Scenario 3: At t = 15 s, the solar irradiation of the PV model in Feeder 4 is increased from 0.2 pu to 0.8 pu in steps of 0.15 pu / 0.5 s emulating an increase in the solar irradiance. This is similar to the solar power increasing from morning to noon. 


Scenario 4: From time t = 17.98 s to t =18.08 s, a three-phase-ground fault happens at the grid side at location 1 as shown in the above figure.  The grid side breakers get open and isolate the complete model into 3 sub-networks (microgrids). The figures below show the results of the various feeders for pre, during, and post-fault conditions. It can be seen that the 3 microgrids work stably and maintain the terminal voltage and frequency while meeting the load demand.

The figure below shows the PCC voltages, currents, and the circuit breaker status :

Feeder 1: 

After Feeder 1 PCC breaker opens, the Diesel Generator switches to grid forming mode. Its active power output changes from the previous set-point 0.8 pu to 1 pu to supply the loads.


Feeder 2:

When Feeder 2 turns into an island, BESS reduces its active power output from 0.8 pu to 0.45 pu and increases the reactive power output to supply the loads while maintaining the frequency at 60 Hz and the voltage Vrms at 1 pu.


Feeder 3:

When Feeder 3 turns into an island, the active power of CHP changes from the previous set-point of 0.8 pu to 0.88 pu to supply the loads.


Feeder 4:

The feeder 4 PV observes a transient at t = 18 s caused by the opening of the  Feeder 3 PCC breaker. However, the DERs controller quickly settles the system at the reference set points.


Scenario 5: From time t = 27.00 s to t = 32.00 s, a three-phase-ground fault happens at the BUS 206 of Feeder 2 as shown in the figure below.

The protection scheme of the Circuit Breaker (CB) 03 connected close to the fault, detects this fault and responds. As per the relay settings mentioned,  the 51P overcurrent protection element of multi-relay block 203 responds correctly and issues the Trip at time t = 27.91 s, thus isolating the fault as shown in the figure below. 

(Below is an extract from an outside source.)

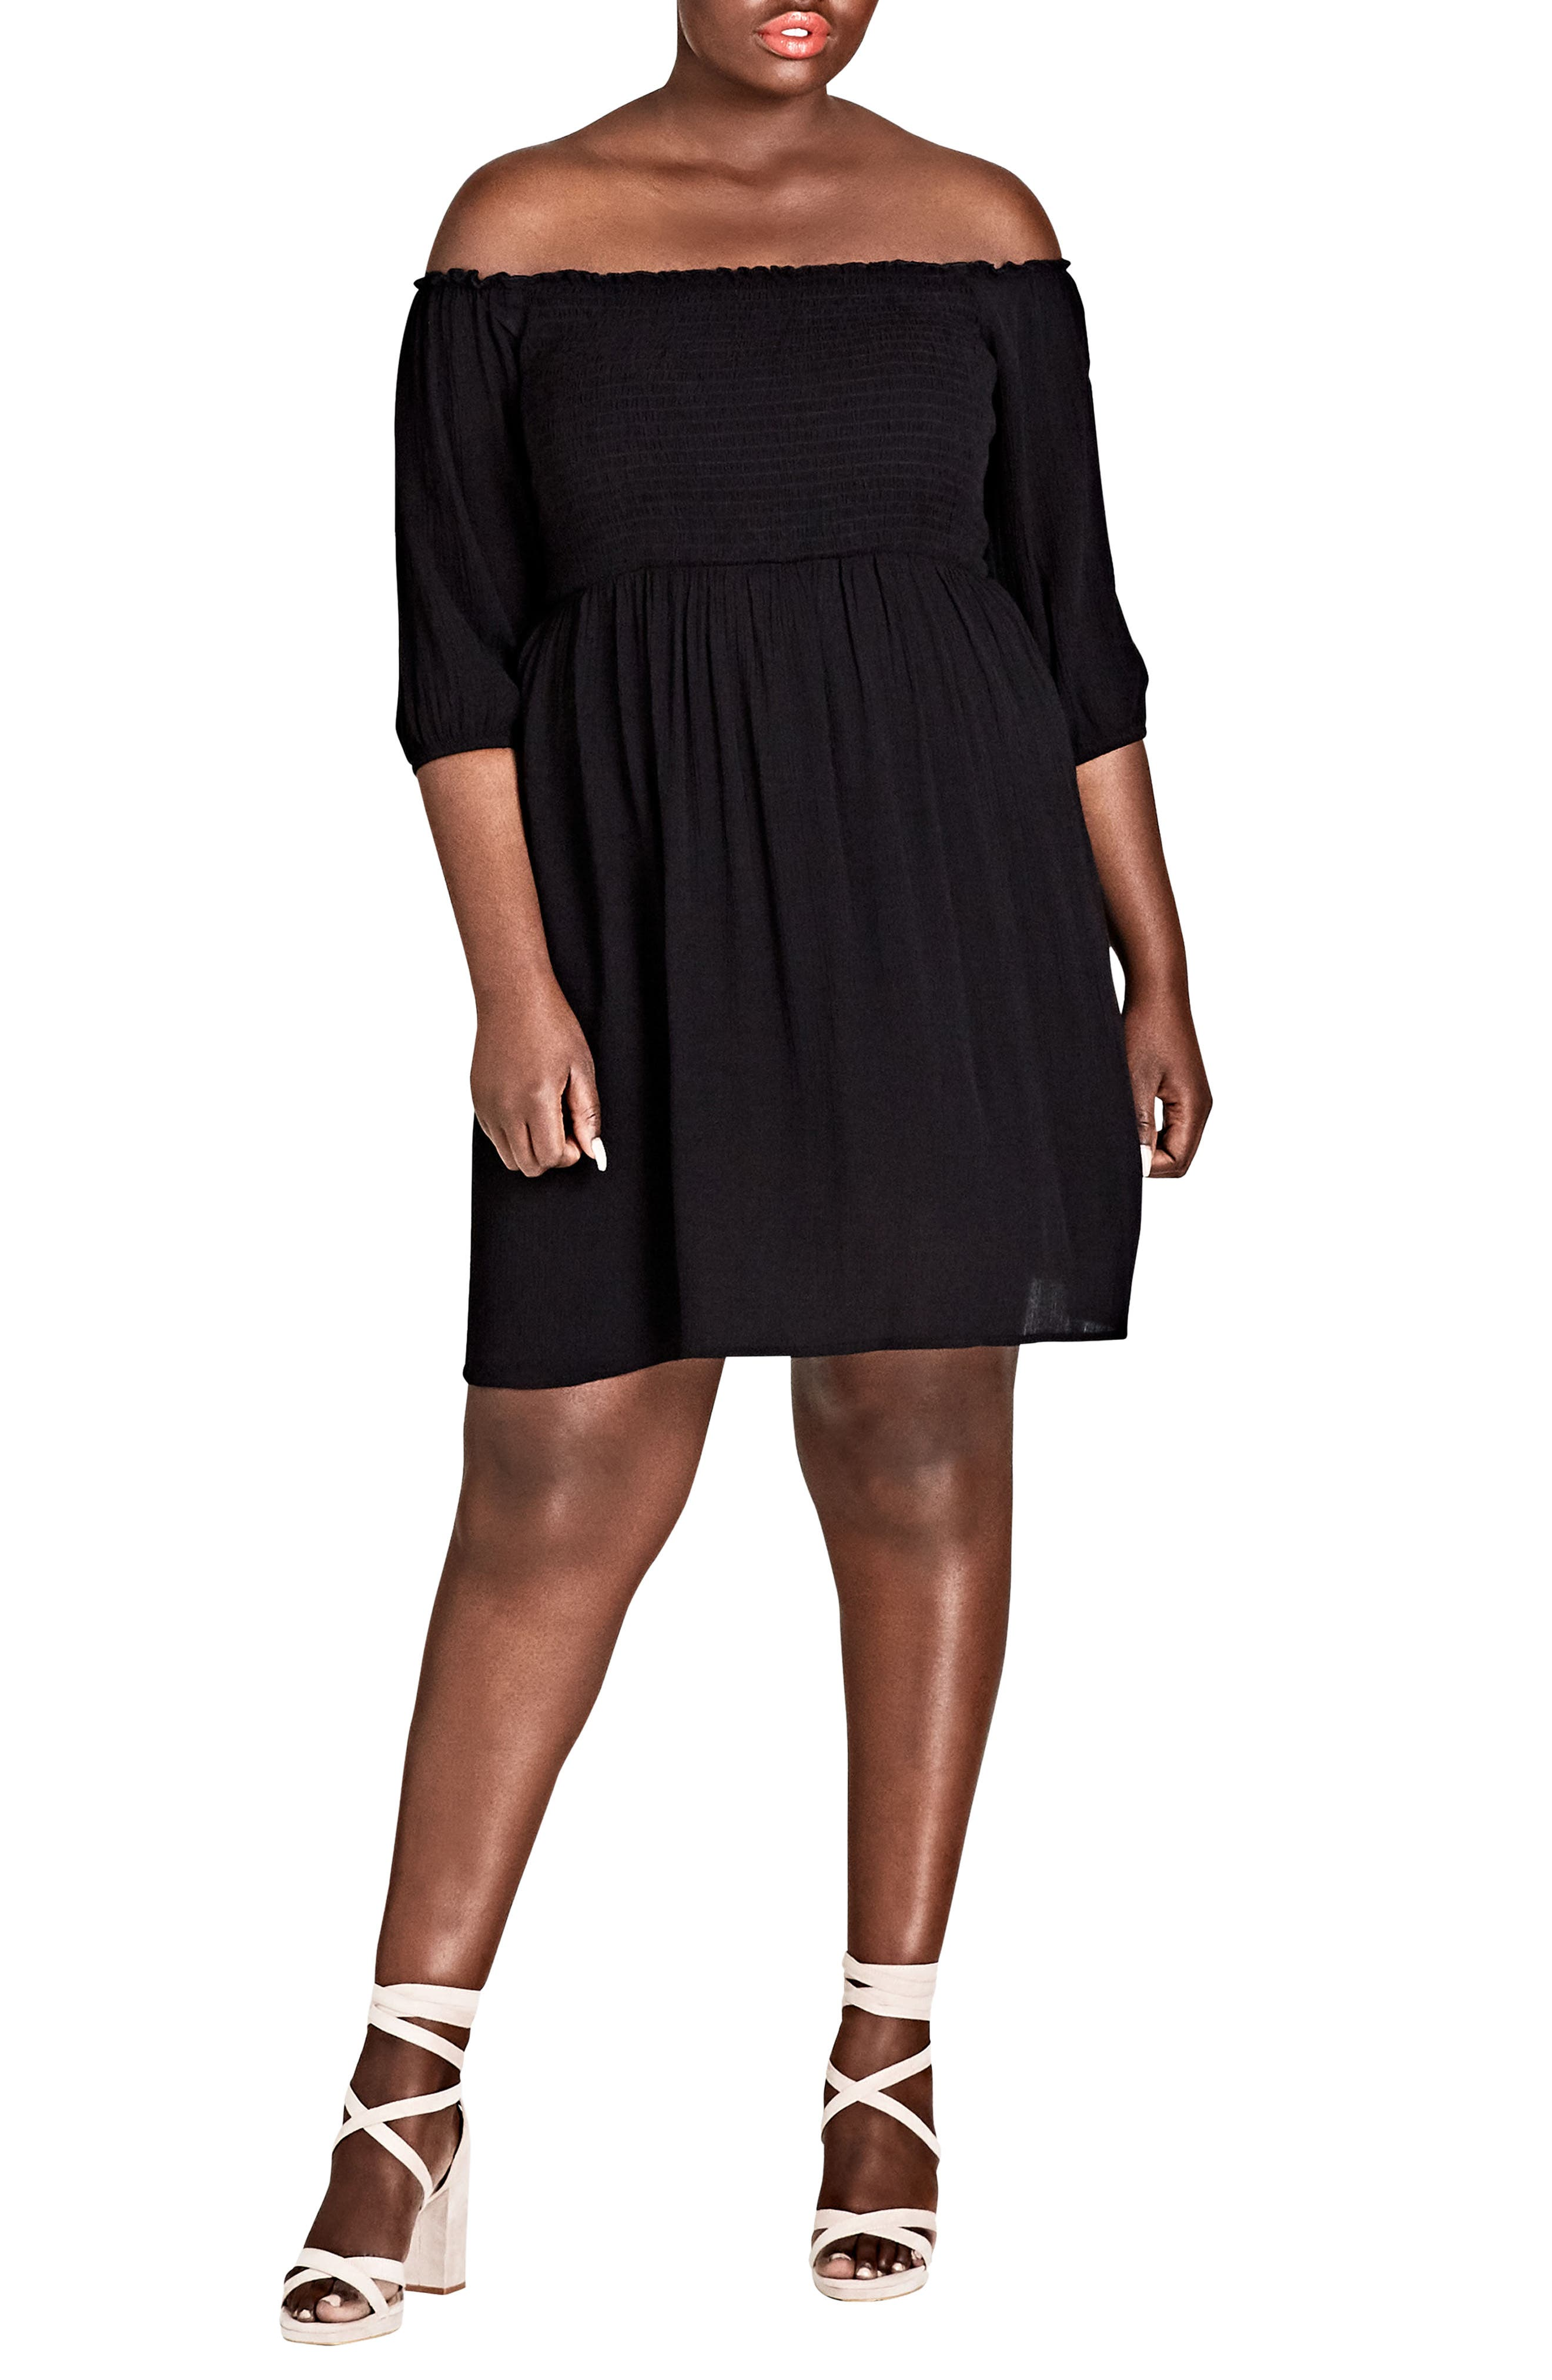 Calista Off the Shoulder Dress,                             Main thumbnail 1, color,                             BLACK

The fault also triggers the 27-Undervoltage element associated with multi-relay subsystems 214, 215, and 218 and thus opens the breakers 14, 15, and 18 after a set time delay of 2 s i.e. at t = 29 s.

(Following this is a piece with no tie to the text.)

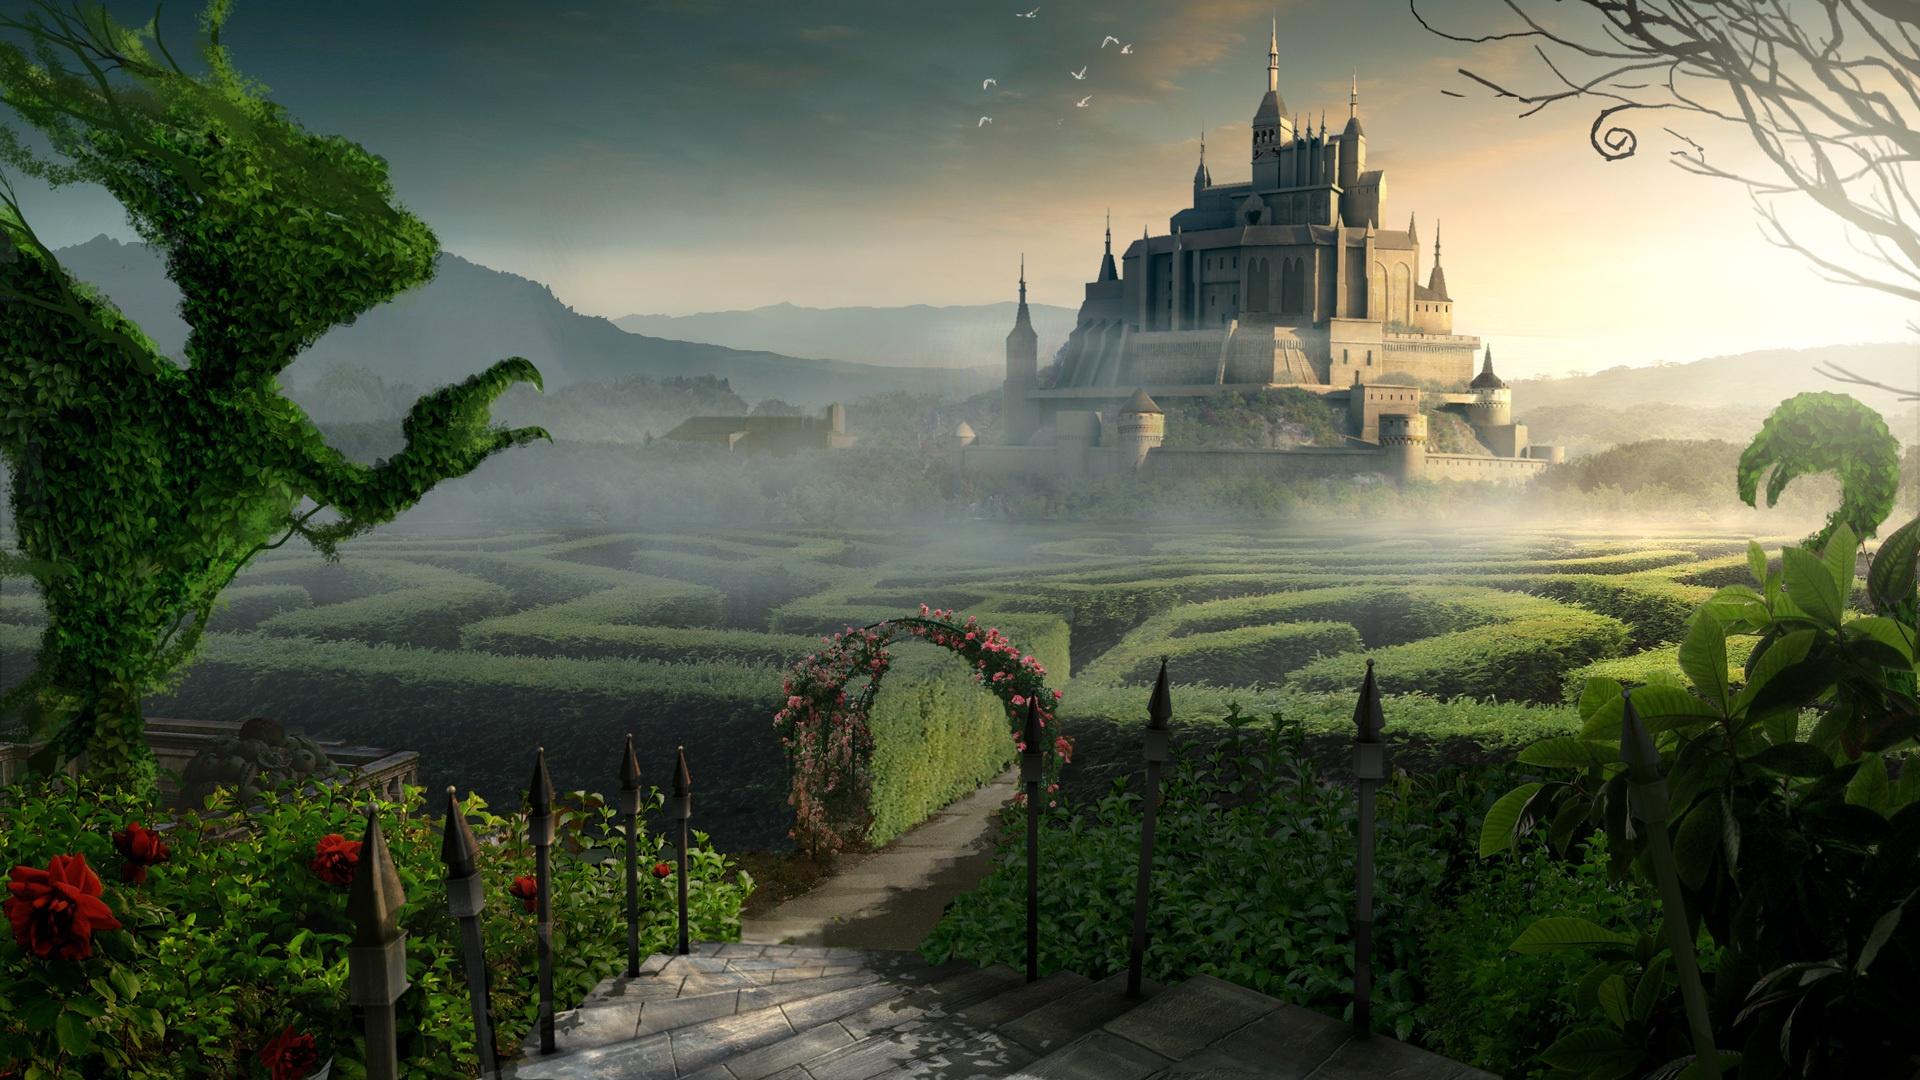 Fantasy Landsсape wallpaper download

It can be seen that the faulted location is isolated from the rest of the network and the model works stably.

Real-Time Execution

It is recommended to use 6 cores to run this model in real-time on a simulator. Also, the performance may vary depending on the simulator specifications.

References

[1] 2017 Microgrid Controller Procurement Information Packet Volume 1.6, P. Koralewicz, ed.: NREL, 2017. [Online].

[2] R. Salcedo et al., "Banshee distribution network benchmark and prototyping platform for hardware-in-the-loop integration of microgrid and device controllers," in The Journal of Engineering, vol. 2019, no. 8, pp. 5365-5373, 8 2019.